|
By: Vadim Kotelnikov Founder, Ten3 Business e-Coach – Inspiration and Innovation Unlimited, 1000ventures.com, 1000advices.com, Global Virtual Venture Valley #1 (VVV1)
|
|
Venture Acquisition Strategies
In
today's era driven by
systemic
innovation, acquiring and integrating
capabilities,
know-how, and technologies has become an efficient route to growth and a
strong alternative to internal research and product development.
Acquisition and integration of ventures is an effective method for supplementing a product and business portfolio with the best available technology, as well as enter emerging markets, with speed. Companies that chose a venture acquisition strategy are challenged to rethink the role of R&D and knowledge management within their corporations, to fit the new offerings with the near-term strategic and operating portfolio, and to prepare a sales, manufacturing, and distribution organization. This challenge requires learning about priorities, markets, technologies, speed of product/service development, integration of achievement-oriented people, and cultural fit. "These challenges are viewed from the perspectives of acquiring management and the about-to-be-acquired entrepreneurial leader and organization. This is an art, not a science, and it is easier to develop as a plan than it is to implement. After all, the human element is a critical component of this process."1 Case in Point Cisco Systems Inc. Cisco Systems Inc. used the venture acquisition approach with remarkable success. The company has pioneered the use of carefully designed and effectively operated acquisition process governed by hard-and-fast criteria and and ability to strike a deal within twenty-four hours and close it within two months.

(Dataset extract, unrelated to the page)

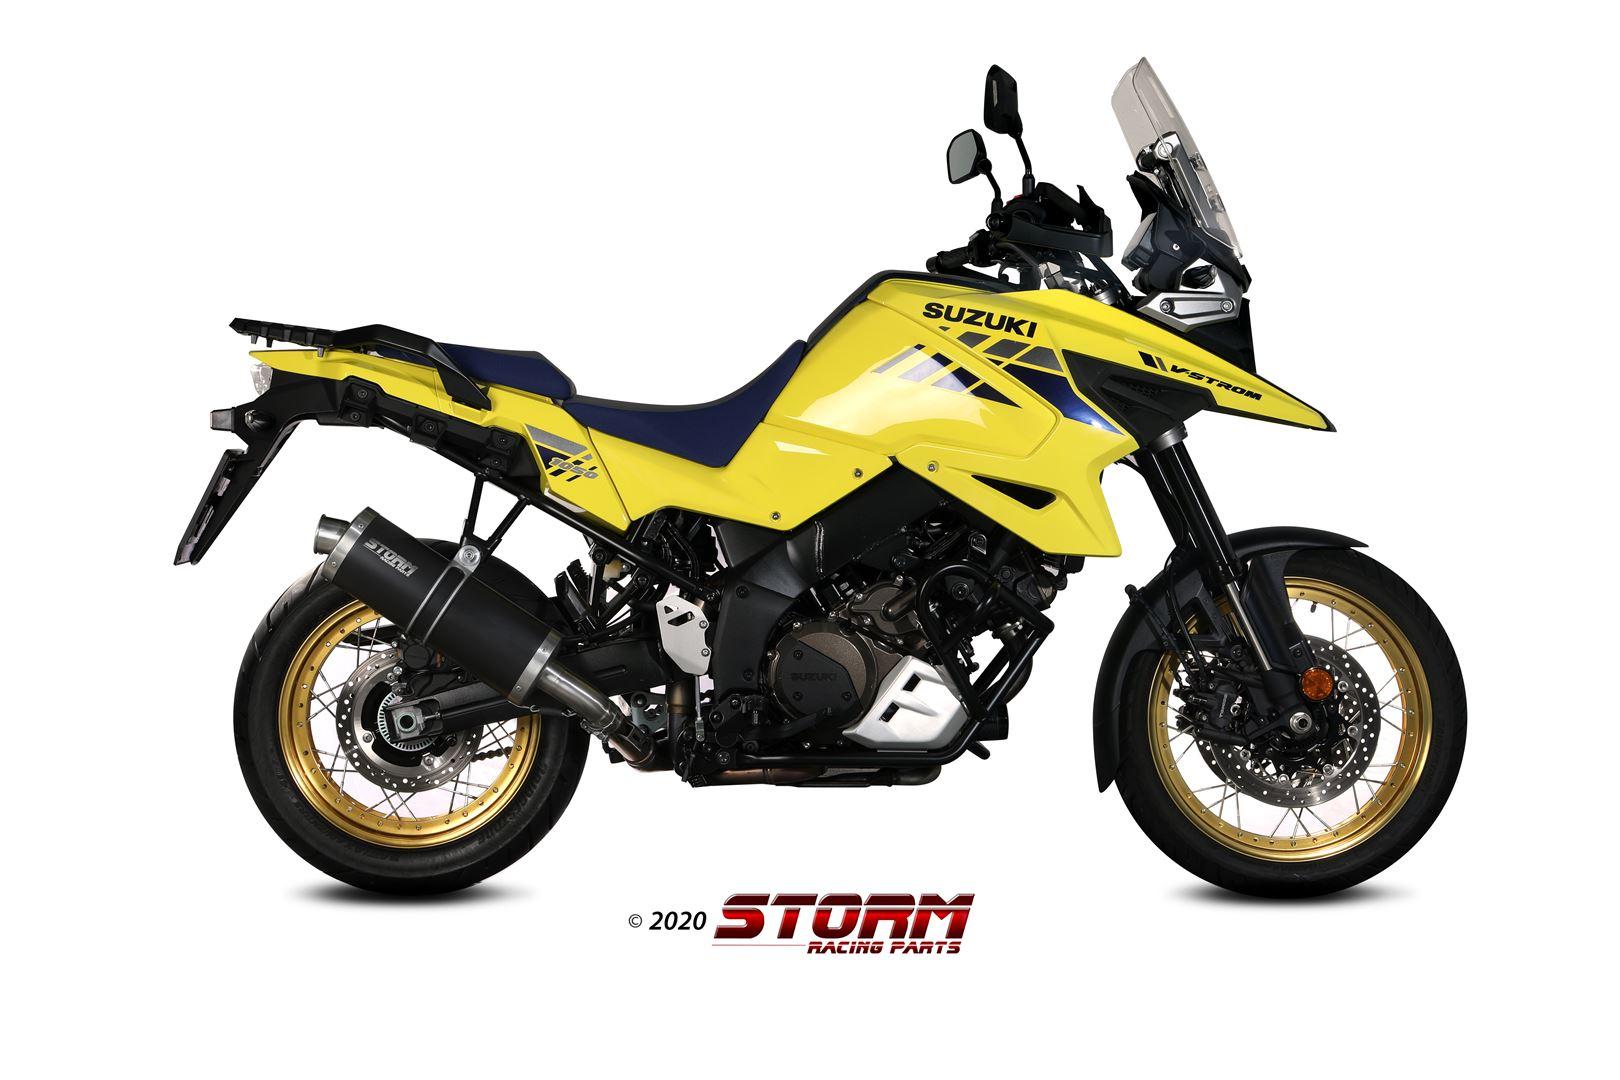 Suzuki_VStrom1050_2020-_74S042LX2B_$01

Cisco listens to the market, and if it doesn't have what the market wants, it uses company stock to buy a start-up or an emerging company that already has the product and integrates the new company along with its technology, as fast as possible. In 1994, Cisco acquired three companies, in 1995 – four, in 1996 – seven, in 1997 – six, in 1998 – nine, in 1999 – eighteen, and in 2000 – twenty-three. Being Acquired Ideally, a company considering being acquired can first work with its corporate candidate to sample the relationship. One way of accomplishing this is by accepting a strategic investment. However, the benefits and the risks for both sides must be weighed carefully. Relationships don't always develop into the merger or the acquisition.
Having a strategic investor is
definitely a double-edged weapon. Before accepting corporate investments,
companies should be sure that the investing company's agenda is consistent
with theirs and be certain that they are prepared to manage conflicting
agendas. Winning is not necessary achieved without partners and parents. Expand your search to the international marketplace. Prepare the team, as well as your investors, for the possibility of acquisition as means to realize the full potential of the company's entrepreneurial vision.